Some PSI implementations may not ensure input is checked (ie that parties use real input data as opposed to non-genuine or fictional information). Others may not prevent parties from arbitrarily changing their input after the computation process begins.

This is an issue because it allows a malicious party to reveal information in the intersection they do not actually have mutually in common with the other party. If it is personal information, there is a risk that the malicious party could access sensitive information that may have detrimental effects to people.

You could mitigate this risk by ensuring that the inputs are checked and validated, and independently audited.

If you and other organisations use PSI to match people from your separate databases, you must also maintain referential integrity to ensure each record is matched accurately. Linking across datasets becomes more difficult if the information is held in a variety of formats. There may be a risk that some people are not included or included by mistake. It is possible to reduce the risk of inaccurate matching by a number of techniques, including tokenisation and hashing. For example, if a common identifier is hashed by both parties, then the hashes will only match if the information is an exact match for both parties.

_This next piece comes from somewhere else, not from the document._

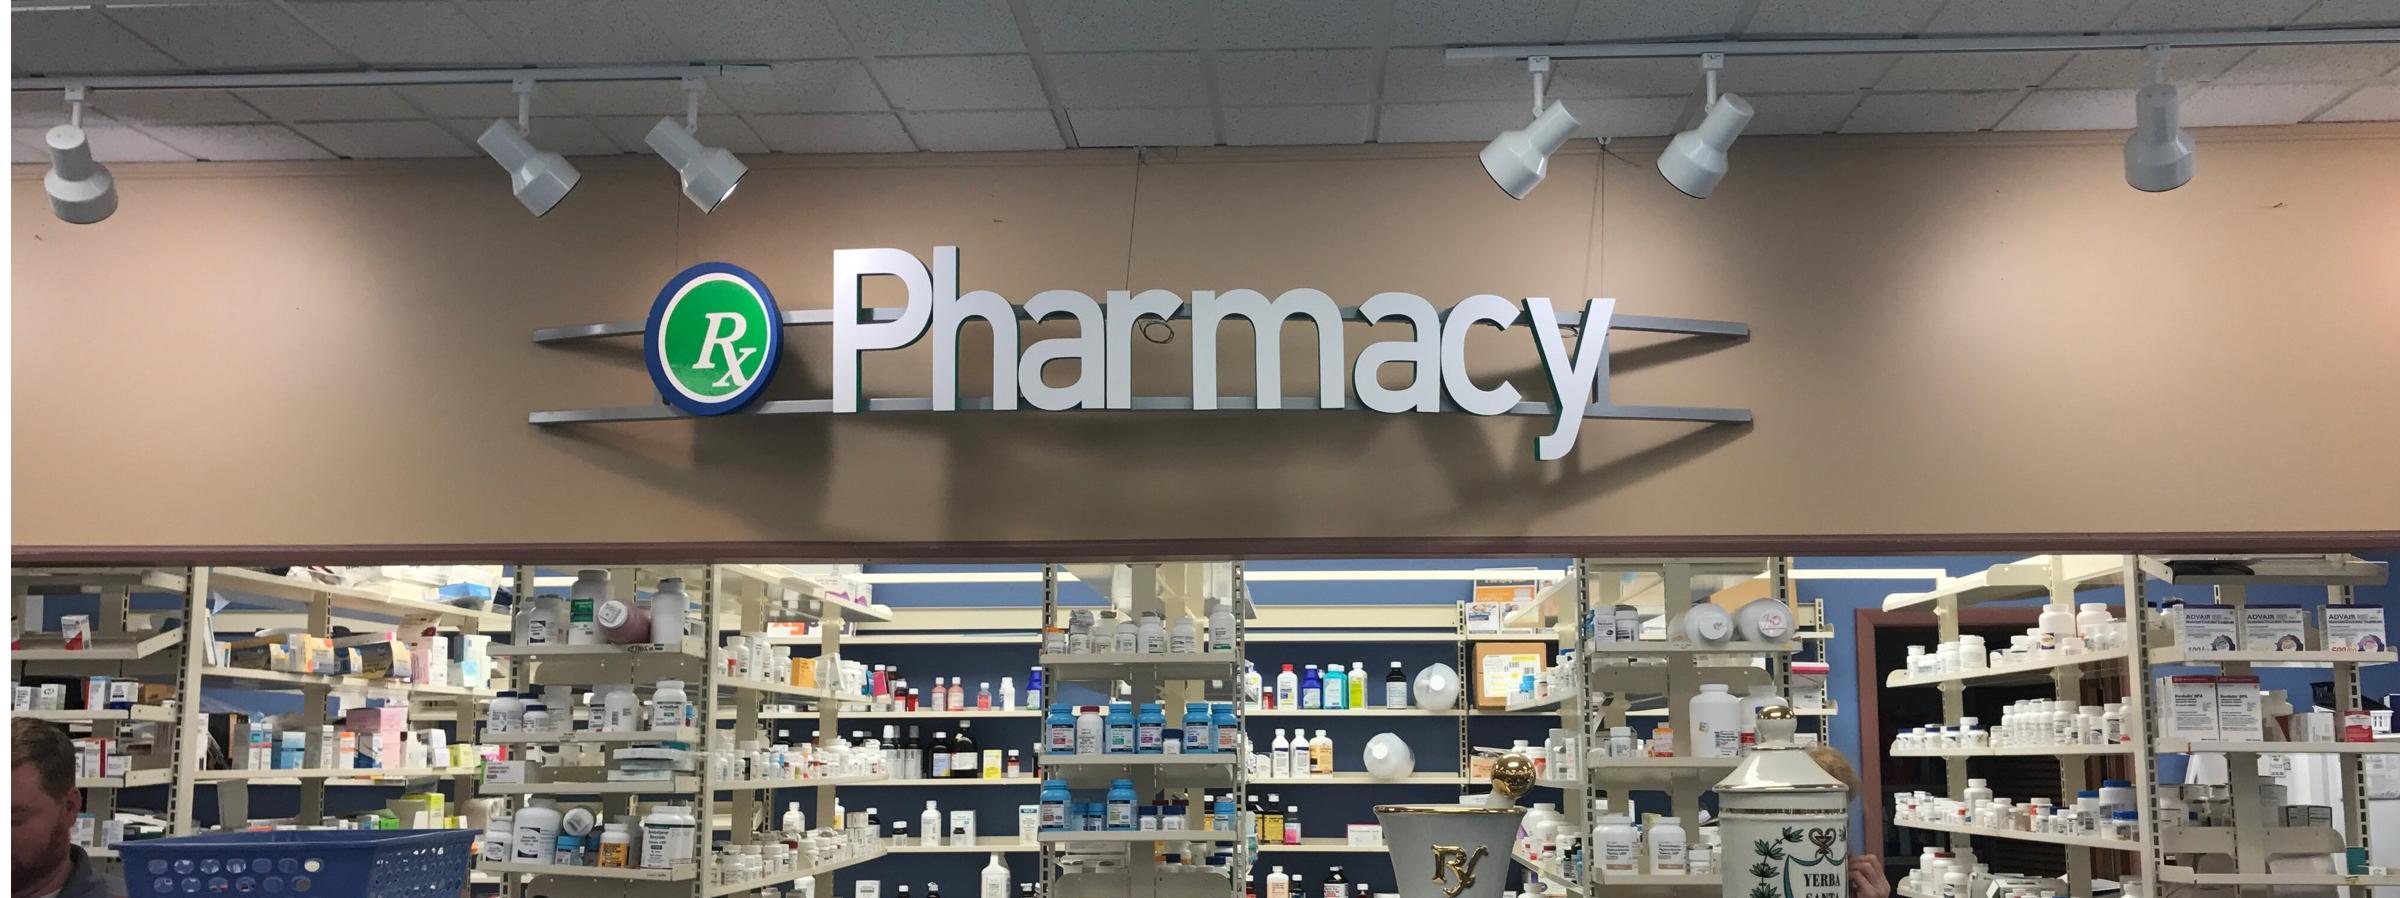 Refill RX Hood's Pharmacy, Valley, AL

Your choice of using a third party will depend on whether it is likely to reduce the risk in comparison to using a two-party protocol. When performing a DPIA, you should document the risks and choose the most suitable option for mitigating the risks for your circumstances. If you are using a third party for the computation or storage of sets, you must ensure appropriate technical and organisational measures are in place to mitigate the risk of any personal information being compromised.